Uranüs’teki dev çarpışmalar üzerinde çalışarak, böyle bir çarpışmanın gezegenin evrimini tam olarak nasıl etkileyebileceğini görmek istemişler. Maalesef, (henüz) laboratuvarda gezegen üretilemiyor ve bunlar birbiriyle çarpıştırılıp gerçekte neler olduğu görülemiyor. Bunun yerine araştırmacılar, ellerindeki en iyi imkanı kullanarak güçlü bir süperbilgisayar yardımıyla bu olayların canlandırıldığı sanal modeller yürütmüşler.

Temel düşünce, her biri gezegenlere ait birer madde öbeğini temsil eden milyonlarca parçacıkla beraber çarpışan bu gezegenleri bilgisayarda modellemekmiş. Bu canlandırmaya kütleçekim ve madde basıncı gibi fiziksel kuralların nasıl işlediğini tarif eden denklemler de veren araştırmacılar, böylelikle parçacıkların birbirlerine çarparken zamanla nasıl evrimleştiklerini hesaplamaya çalışmışlar.
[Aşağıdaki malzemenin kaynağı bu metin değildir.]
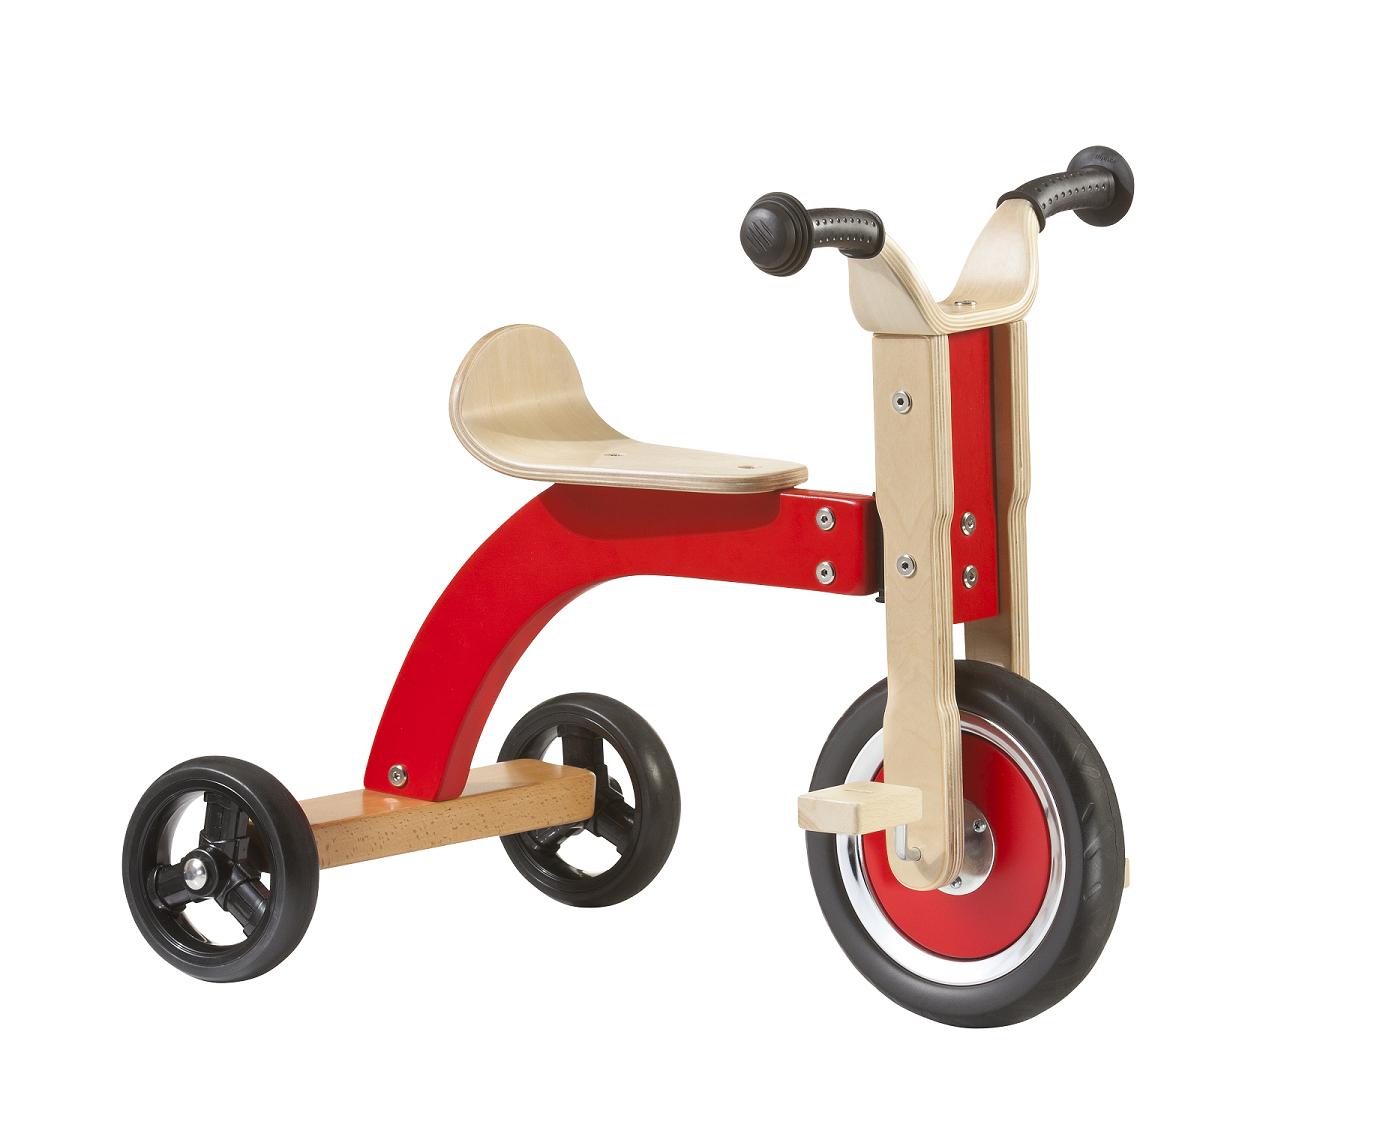 Auslaufartikel - Geuther Dreirad aus Buchenholz mit Plastikreifen, Max. Belastung: 25 kg, Altersempfehlung: 1-5 Jahre, UVP 99€

Bilim insanları bu yolla, dev bir çarpışmanın efsanevi derecede karmaşık ve içinden çıkılmaz sonuçlarını bile inceleyebiliyorlar. Bilgisayar canlandırmaları kullanmanın bir diğer faydası da, tam kontrolün sağlanabilmesi. Geniş çeşitlilikteki farklı çarpışma senaryoları test edilerek, olası sonuç aralığı araştırılabiliyor.

Bilim insanlarının yürüttüğü canlandırmalar (yukarıda), Dünya’nın en az iki katı ağırlığındaki bir cismin genç bir gezegene çarpıp onunla birleşerek günümüzde Uranüs’ün sergilediği o tuhaf dönüşü kolaylıkla meydana getirebileceğini gösteriyor. Doğrudan olmayan darbelerde çarpan cisimdeki maddeler, muhtemelen Uranüs’ün hidrojen ve helyum atmosferinin altında, buz katmanının kenarı civarındaki ince, sıcak bir kabuğa yayılarak son bulurdu.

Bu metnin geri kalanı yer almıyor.